Галя, наконец, остановилась.
– Нет, Борь, не обижаюсь. От «того случая» у меня родился прекрасный мальчик. Сашка. Добрый, умный, моя гордость.
– Сын? – Борис глупо улыбнулся.
– Да, сын, – посмотрела ему в глаза Галя и выпалила:
– Похоронили недавно, погиб.
Борис округлил глаза:
– Как так?
Но Галя не могла с ним больше разговаривать, побежала прочь. Дома она застала мужа, который приговаривал очередную бутылку водки. Галя пронеслась мимо него в комнату, закрылась и стала рыдать. Рыдала до тех пор, пока не уснула.
Ночью ей приснился Саша. Таким, как она видела его в последний раз: с взъерошенными пепельными волосами, сероглазым, улыбчивым. Он стоял на дороге, придерживая велосипед. Галя вздохнула с облегчением: жив. Она подошла к нему, обняла и стала целовать его бледные щёки.
– Мам, мне уходить надо, – глядя куда-то вдаль, спокойно сказал сын. – Ты больше не плачь, ладно? Будет у тебя ребёнок вместо меня, вот увидишь. И папе скажи, чтобы не пил, а то со службы прогонят.
Галя схватила его за плечи:
– Не нужен мне больше никто, только ты!
Но Саша превратился в дымку над роковой ухабистой дорогой и исчез. Галя открыла глаза. Она лежала на кровати сына, на столе стояла его фотография. Слёзы снова брызнули из глаз осиротевшей матери, но, вспомнив о Саше, она пошла будить мужа.
– Давай родим ребёнка, – громко сказала Галя, сев перед ним на колени.
Борис спал. От него пахло вчерашним алкоголем.
– Мне Саша этой ночью сказал, что у нас будет сын. Вместо него, понимаешь? Другой сын родится, но это он будет. Борь, давай больше не пить? Давай родим?
Борис открыл глаза, но, видно, плохо разбирал то, что тараторила жена.
– Говоришь, вместо него? Как так?
Но Галя, уже раздетая, пыталась его заставить выполнить супружеский долг…
Первая беременность наступила через полгода. А ещё через три месяца Галя оказалась в больнице: плод спасти не удалось. Потом были новые попытки, и новая беременность, и снова больница. И в этот раз они с Борисом уже не верили, что получится, хотя очень хотели. Но Галя доносила до тридцать восьмой недели. Живот рос намного быстрей, чем в первый раз, да и ребёнок был более активный. На одном из последних приёмов у врача Галя осторожно спросила:
– Может быть, у меня двойня?
Врач ещё раз послушала живот и строго посмотрела на пациентку:
– В роду двойни были?
– Нет, – растерянно ответила та, – не припоминаю.

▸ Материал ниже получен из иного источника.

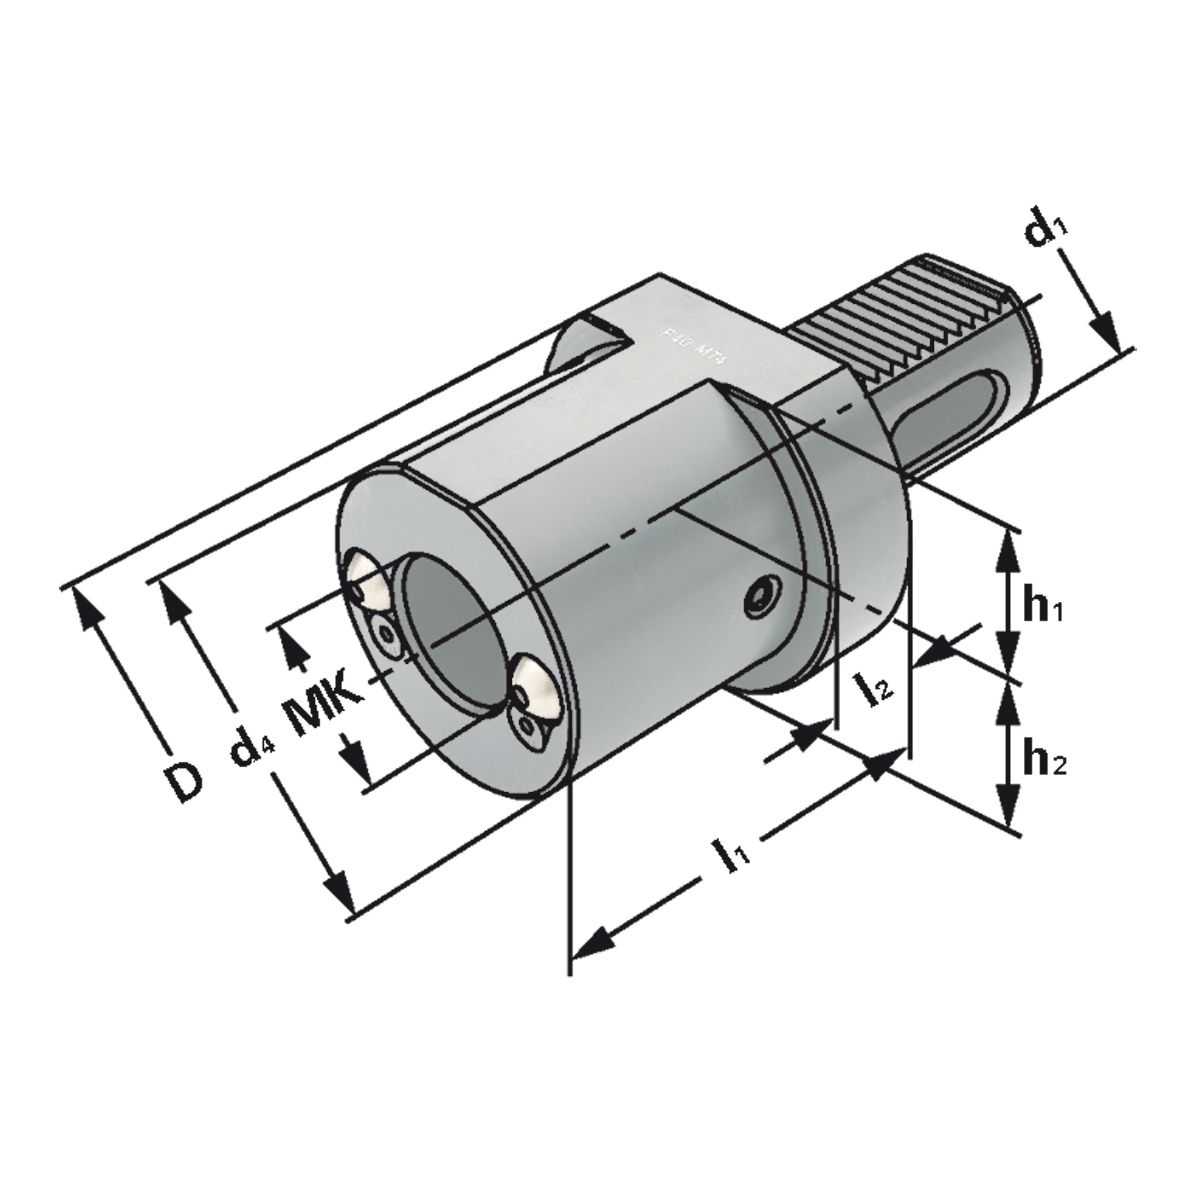 Bohrerhalter für MK-Werkzeuge F1-16xMK1 DIN 69880 (ISO 10889)

– Ну тогда и успокойтесь, мамаша.
– А если всё-таки?
– Если родится у вас второй ребенок, значит, это двойня. А по мне – уж поверьте, я пересмотрела сотни таких животов, – крупный мальчик. Наберитесь терпения ещё на три недели.
Но уже через пять дней Галю со схватками привезли в роддом и после осмотра направили в родзал. Роды были тяжёлыми. Наконец команды врачей «Тужься!» и «Давай!» сменил тоненький писк младенца. На часах было 23:40. Галина заплакала и, собрав последние силы, прошептала:
– Дайте мне его! Дайте на него посмотреть…
– На неё! – поправила врач. – У вас девочка! Да ещё и такая красавица!
В ответ мамаша закрыла глаза и заплакала.
– Нет-нет, это должен был быть мальчик! Я ждала мальчика!